Two recent bits of welcome news on the agriculture front promise some support for Vineyard farmers, who could use the help. For farmers here, it's always been a struggle against long odds, what with the poor soil, the added costs for everything that has to come from the mainland - and almost everything does - and the small market for agricultural products, the wet winters, and the dry growing seasons. And that reflects the foundational challenges, the ones farmers here have bucked since the first Mayhews put down roots and immediately wondered where all these grapevines came from. Add to these hurdles the zooming real estate values of the last 40 years, the salivating tax man who cometh to claim the farms when the old folk die off, large lot zoning, and multiplying dwellings of the magnificent variety.
Of course, there are fewer and less varied commercial farming enterprises today than there were during the distant 20th Century, when dairy, beef, and sheep operations flourished (well, flourished may not be the right word) and there were truck farmers, cranberry growers, orchards, even a co-operative market, begun in the war years by some summer residents. Their aim was to improve the availability and distribution of groceries on the home front for their families that had left the city to spend the war where they would be safe and among friends. Indeed, in its first incarnation, The Times office was that market building, selling wholesome products, but naturally of a different sort from the wholesome ones we sell out of the same front door today.
So, it's heartening to learn of the generous intercession of Eric Grubman to buy Thimble Farm on behalf of Community Supported Agriculture, a private farming co-operative. Thimble Farm, the visionary creation of Bud Moskow and his wife, is a key Vineyard farming site, the centerpiece of this 21st Century Vineyard agricultural co-operative. And now, in an essay across the way, the Martha's Vineyard Commission director Mark London and West Tisbury conservationist Bob Woodruff, himself a farmer, report on efforts to form an Island-wide agricultural commission, whose purpose will be to mount a variety of organized interventions on behalf of Vineyard farmers. One of those, a crucial one, will be to lobby for carving out inviolable protections for agriculture in what has unarguably become a wealthy suburban Island, on the way to becoming a gated community, sniffingly wary of smelly, noisy threats to its peace, harmony, and property values. Farmers need all the help these initiatives promise.
Rummaging in a filing cabinet the other day, I came across the 1982 Soil and Water Conservation Plan, prepared for my West Tisbury farm by Bill Wilcox, now the water quality planner for the Martha's Vineyard Commission. In those far off days, there was a University of Massachusetts Extension Office here, run by Mike Zoll, now of Farm Neck, plus a conservation district, whose chief was Elisha Smith, who raised pigs, beef, hay, and vegetables in his place next to what was briefly the driving range at the head of the Lagoon Pond. Elisha was never a complainer, but after the driving range got underway, he had to say something about the golf balls clattering on the steel roof of his barn. His complaints led the range's owners to erect a gigantic netting strung from phone poles, like a volley ball net strung for Brobdignagians on holiday. It loomed over the west end of the Lagoon and surprised you as you sailed up the pond between Hines Point and the Oak Bluffs shore.

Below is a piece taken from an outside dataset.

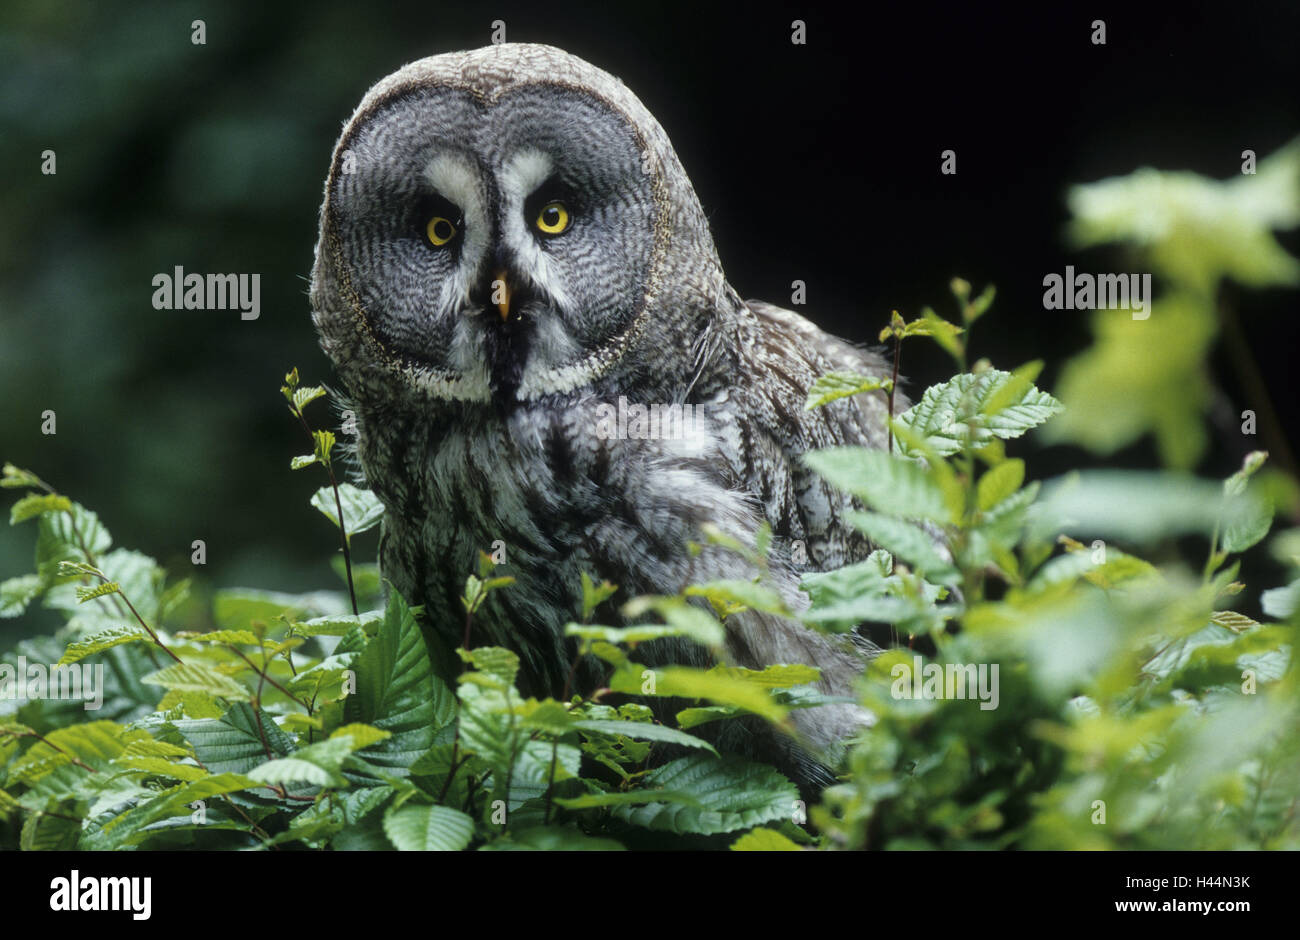 Beard owl, Strix nebulosa, portrait, - Stock Image

Anyway, to get help from the soil conservation district, I had to sign an agreement attesting to my interest in conserving the natural resources on my farm and establishing conservation measures to do so. Then, I had to promise to "cooperate with the Dukes Conservation District in establishing recommended measures which will be based on the characteristics of the land itself and my particular needs." Which I did. The district promised the technical help I sorely needed.
Bill's examination of the property catalogued the soils and available water. He designed a lined waterway to drain some wet land without eroding good soil on the way to the horse pond. He detailed how many horses (3), adult beef (17), and young beef stock (13) the land could carry, if I planted what he specified and took care of the pasture the way he required. Bill and Elisha designed the farming plan I followed, though not always exactly on schedule and not without a few sidetracks and setbacks. It was the sort of excellent, basic help farmers need, along with non-farmers who have the wherewithal to protect agricultural land and the commitment of farmers and non-farming neighbors who don't mind sitting on agricultural commissions, meeting night after night for hours, to advance the interests of agriculturally minded Vineyarders, against whom all the dominant currents of modern American life are arrayed.